# 6.0 diesel, which exhaust?



## metallihockey88 (Dec 12, 2008)

i got a 2006 f250 with the 6.0 diesel engine. i want to upgrade the exhaust and have my eye on either a mbrp dual exhaust or a magnaflow dual system. does anyone have experience with either exhaust or is there something else i should consider?


----------



## Team Pigeon (Jan 31, 2009)

Here's my setup

Single 4" MBRP from the turbo. 
Full AFE intake
Power elbow going into the intake manifold.
ARP head studs
Superchips tuner
egt's
on 37's


At idle, she sounds like a turbine. 
Not too loud on the highway.

Haven't done much research on diesels, but been told not to run duals unless running a larger turbo, head studs, egt's etc...
I do know that too much flow, too big of pipe, will decrease your RWHP.


----------



## DCSpecial (Nov 16, 2008)

Whatever you get, I would recommend T-304 Stainless. 
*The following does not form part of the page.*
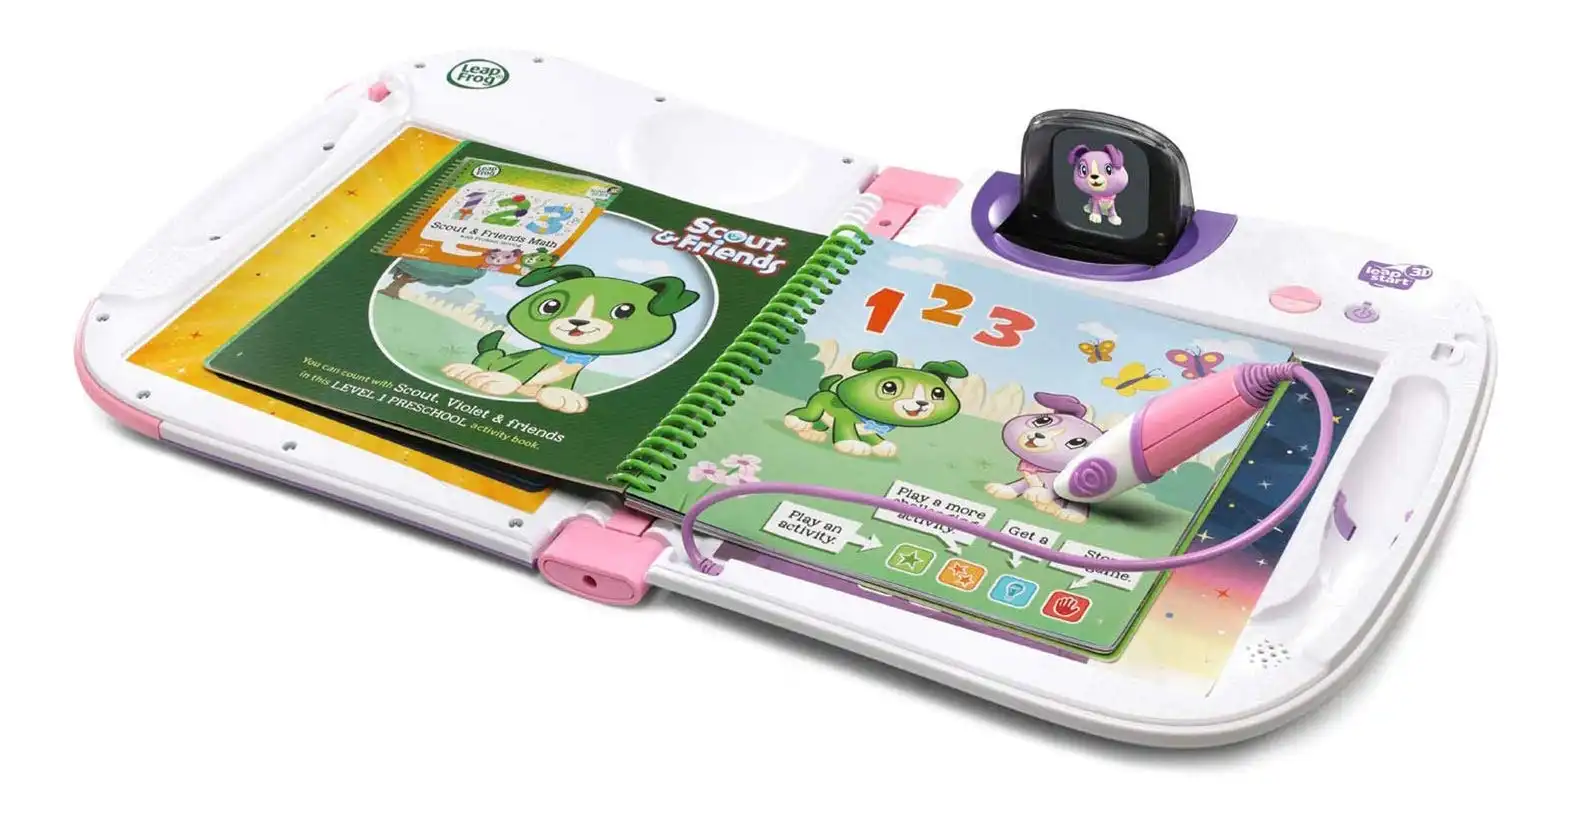 LeapFrog Leapstart 3D Interactive Learning System (Pink)

I run a Ford Racing (Borla) cat-back on my 07. T-304, great fit and quality of construction, all the hangers are welded to the pipe, and it comes with the nice accuseal clamps as well.


----------



## Team Pigeon (Jan 31, 2009)

Ya on the stainless, 

my MBRP is all rusted- except for the tip, but it's an NADP brand. 
Not too sure how the other brands hold up?
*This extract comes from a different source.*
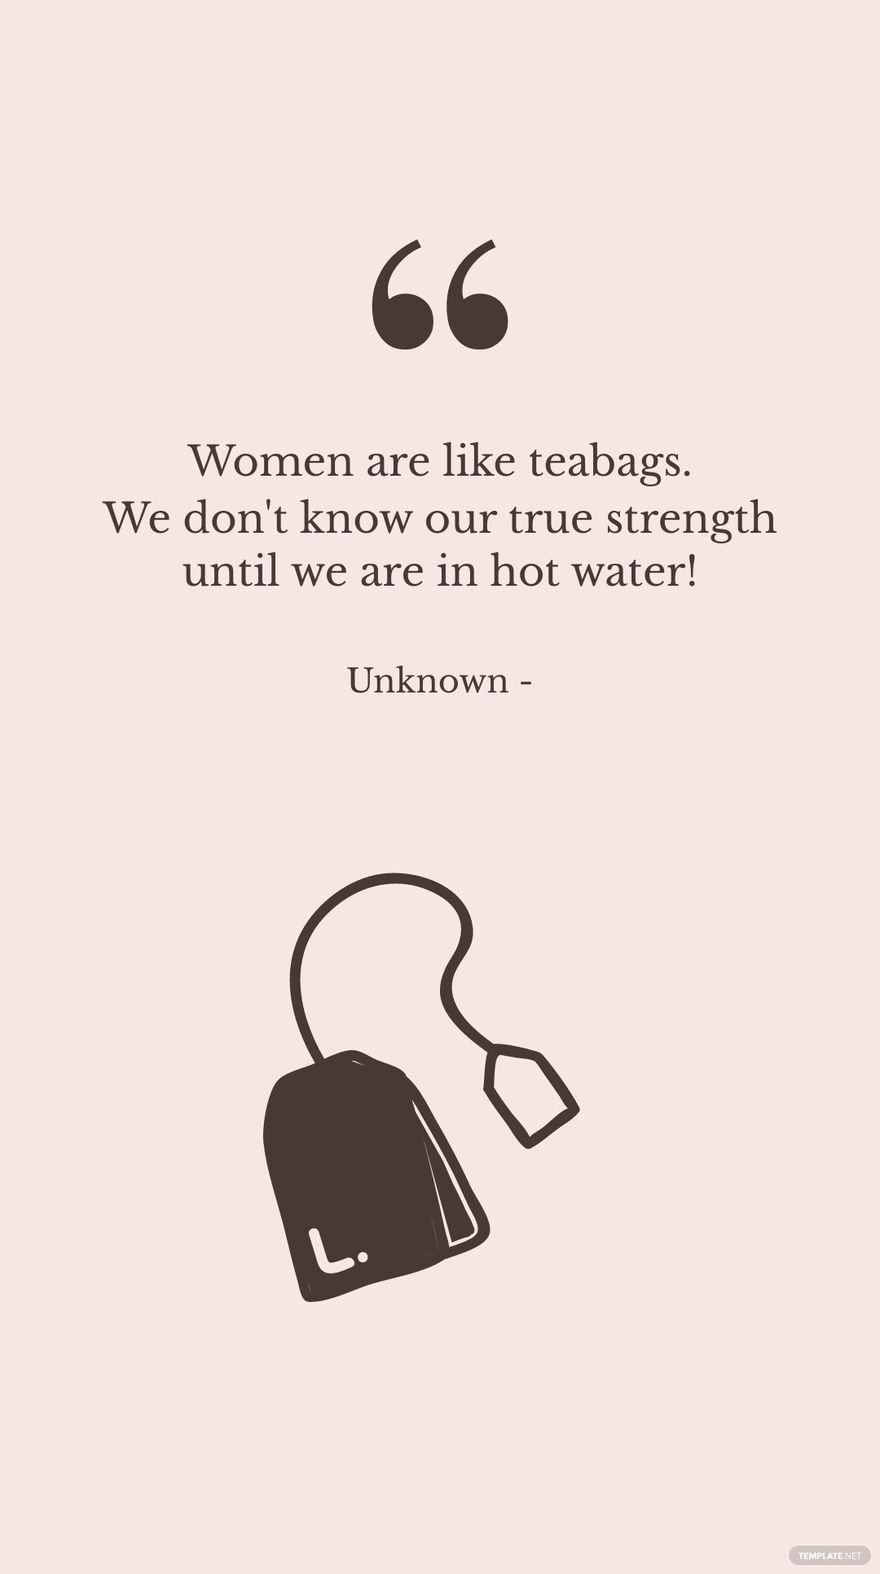 Free Unknown - Women are like teabags. We don't know our true strength until we are in hot water! in JPG

Anyhow, I thought it was a real cheap coating, I should of had gotten the alumized set-up.


----------



## jayman3 (Jan 18, 2006)

Team Pigeon;765848 said:


> Ya on the stainless,
> 
> my MBRP is all rusted- except for the tip, but it's an NADP brand.
> Not too sure how the other brands hold up?
> ...


I have MBRP duals on mine sounds stock til you get on it,on the fast idle though you can hear the turbo just winding up.


----------



## metallihockey88 (Dec 12, 2008)

Team Pigeon;765848 said:


> Ya on the stainless,
> 
> my MBRP is all rusted- except for the tip, but it's an NADP brand.
> Not too sure how the other brands hold up?
> ...


the magnaflows are stainless, thats what i liked about them. i might have ot check into the borla's, i love the sound of a borla but with that name comes a hefty price tag usually


----------



## DCSpecial (Nov 16, 2008)

Make sure it's T-304 SS, and not T-409 SS.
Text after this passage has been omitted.